Through Your Operating System

If your mouse doesn't have dedicated software, you can adjust pointer speed through your OS — though this is not the same as true DPI adjustment. It applies software-level acceleration or scaling on top of whatever the hardware DPI is set to.

  • Windows: Settings → Bluetooth & Devices → Mouse → Additional Mouse Settings → Pointer Options
  • macOS: System Settings → Mouse → Tracking Speed
  • Linux: Varies by desktop environment, but most have a pointer speed slider under Mouse & Touchpad settings

For precision work, hardware DPI control is more consistent than OS pointer speed scaling, which can introduce input lag or acceleration artifacts.

How to Change Display DPI (Scaling)

When people talk about changing DPI on a monitor or in Windows/macOS, they usually mean display scaling — adjusting how large UI elements, text, and icons appear without changing your screen resolution.

Windows Scaling

Go to Settings → System → Display → Scale. Windows offers preset percentages (100%, 125%, 150%, etc.) and sometimes a custom scaling option. On high-resolution (HiDPI or 4K) displays, running at 100% can make text uncomfortably small, so Windows often recommends 150% or higher by default.

macOS Retina Scaling

Apple handles this differently. On Retina displays, macOS offers "Looks like" resolution options that balance sharpness and usable screen space. You're not changing pixels directly — you're choosing how the OS renders the interface across the physical pixel density.

What Changes and What Doesn't

Increasing display scaling makes text and icons larger but reduces the amount of visible content on screen. It doesn't affect image quality or gaming resolution. Some older apps don't scale cleanly and may appear blurry at non-native scaling levels — a known limitation of legacy software.

How to Change Image DPI

For images, DPI is relevant primarily when printing. A 300 DPI image prints sharply; a 72 DPI image (typical for web) may look pixelated in print, depending on the output size.

In Adobe Photoshop

Go to Image → Image Size, then uncheck "Resample." Change the DPI value — the physical dimensions will adjust while pixel count stays the same. If you check "Resample," you're asking Photoshop to add or remove pixels, which affects quality.
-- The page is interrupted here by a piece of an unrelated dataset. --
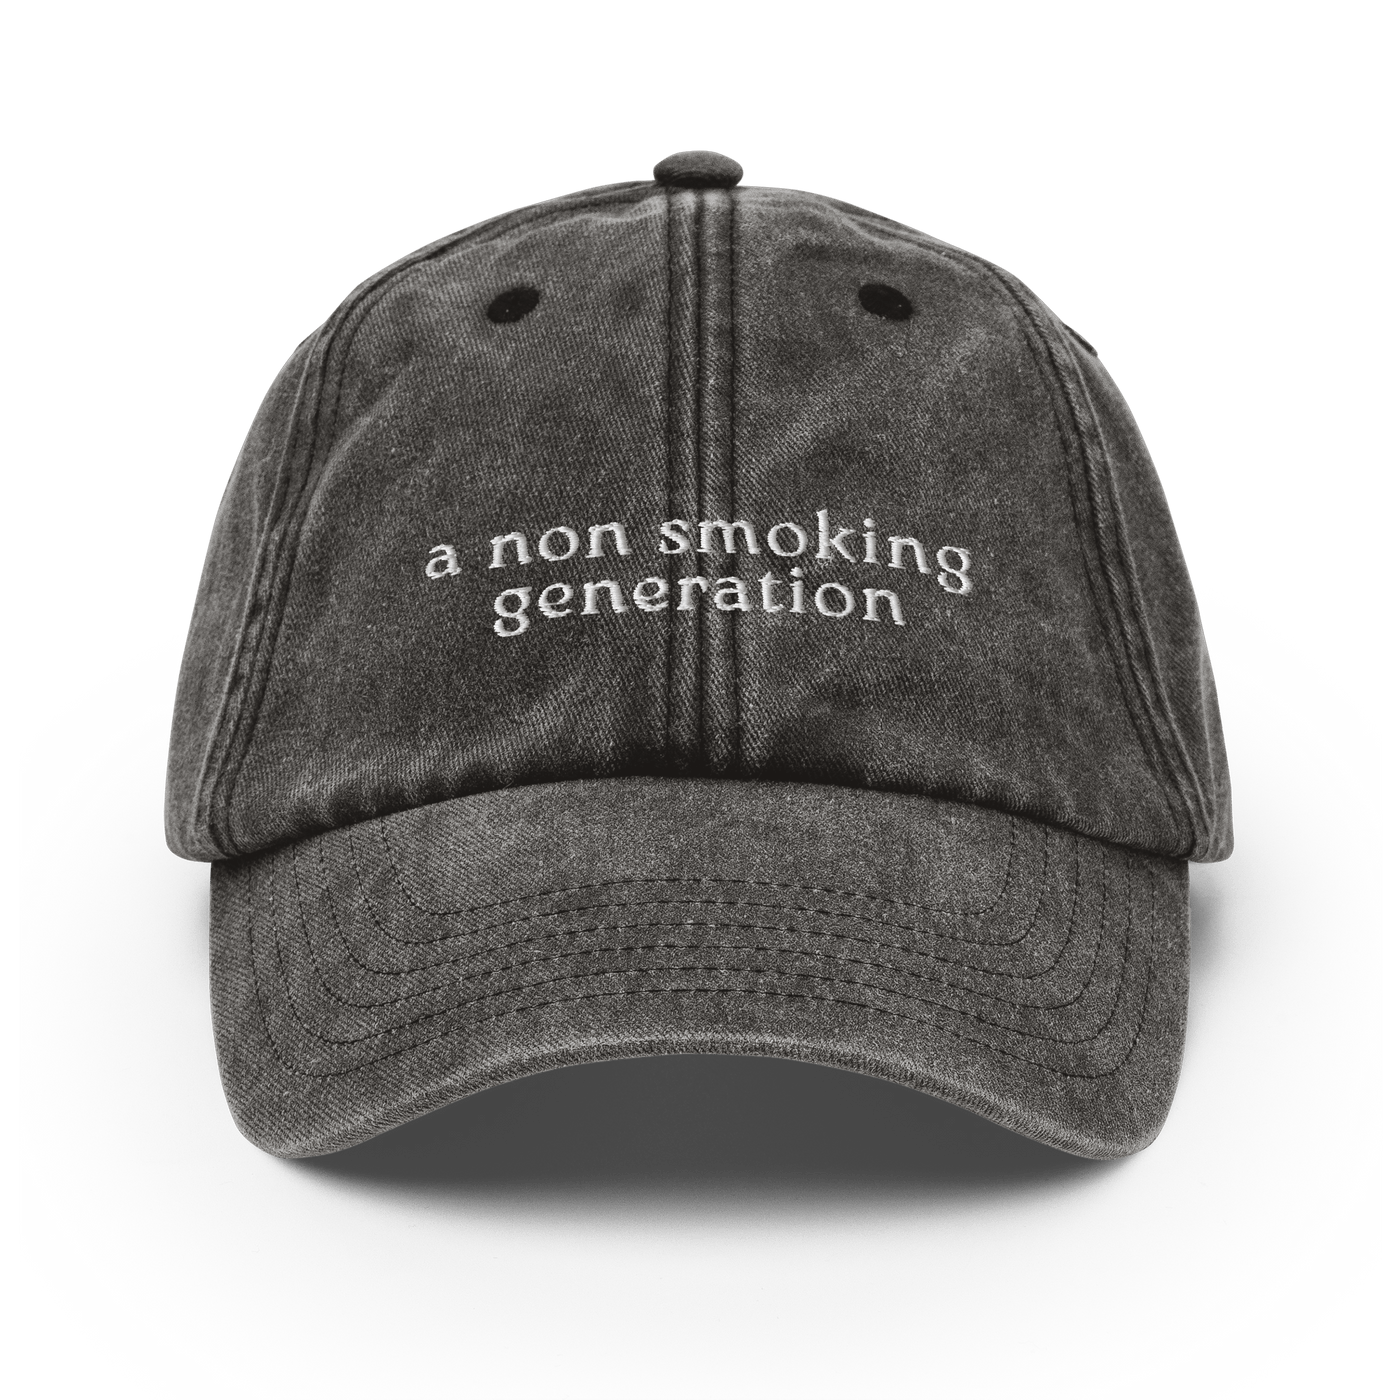 A Non Smoking Generation Vintagekeps - Just Another Cap Store

In GIMP (Free Alternative)

Go to Image → Scale Image or Image → Print Size to adjust DPI without resampling.

In Preview (macOS)

Open the image, go to Tools → Adjust Size, and change the resolution field.

Key Distinction

ActionWhat ChangesWhat Stays the Same
Change DPI without resamplingPrint sizePixel dimensions, file size
Change DPI with resamplingPixel count, file sizeIntended print size
Change screen resolutionDisplay outputImage file itself

Changing an image's DPI does not improve its actual pixel quality if the pixels weren't there to begin with. A 72 DPI photo set to 300 DPI without resampling just prints smaller — it doesn't get sharper.

The Variables That Determine What You Need

Which DPI changes matter for you depends on several layered factors:

  • Your mouse hardware — budget mice often have fixed or limited DPI ranges; high-end models offer fine-grained control and onboard memory
  • Your display resolution and physical size — a 4K 27-inch monitor and a 1080p 13-inch laptop screen have very different native pixel densities, which affects ideal scaling
  • Your use case — competitive gaming, graphic design, document work, and casual browsing all favor different sensitivity and scaling setups
  • Your OS and version — scaling behavior in Windows 10 vs. Windows 11, or between macOS versions, can differ noticeably
  • Your software — not all apps respect system scaling the same way, and image DPI requirements vary by output format (web vs. offset print vs. large-format printing)

Someone editing print-ready artwork for a commercial printer has a completely different DPI conversation than someone who just wants their gaming cursor to feel snappier — even though they're both searching the same term. Where you land in that spectrum shapes which of these settings is actually worth adjusting.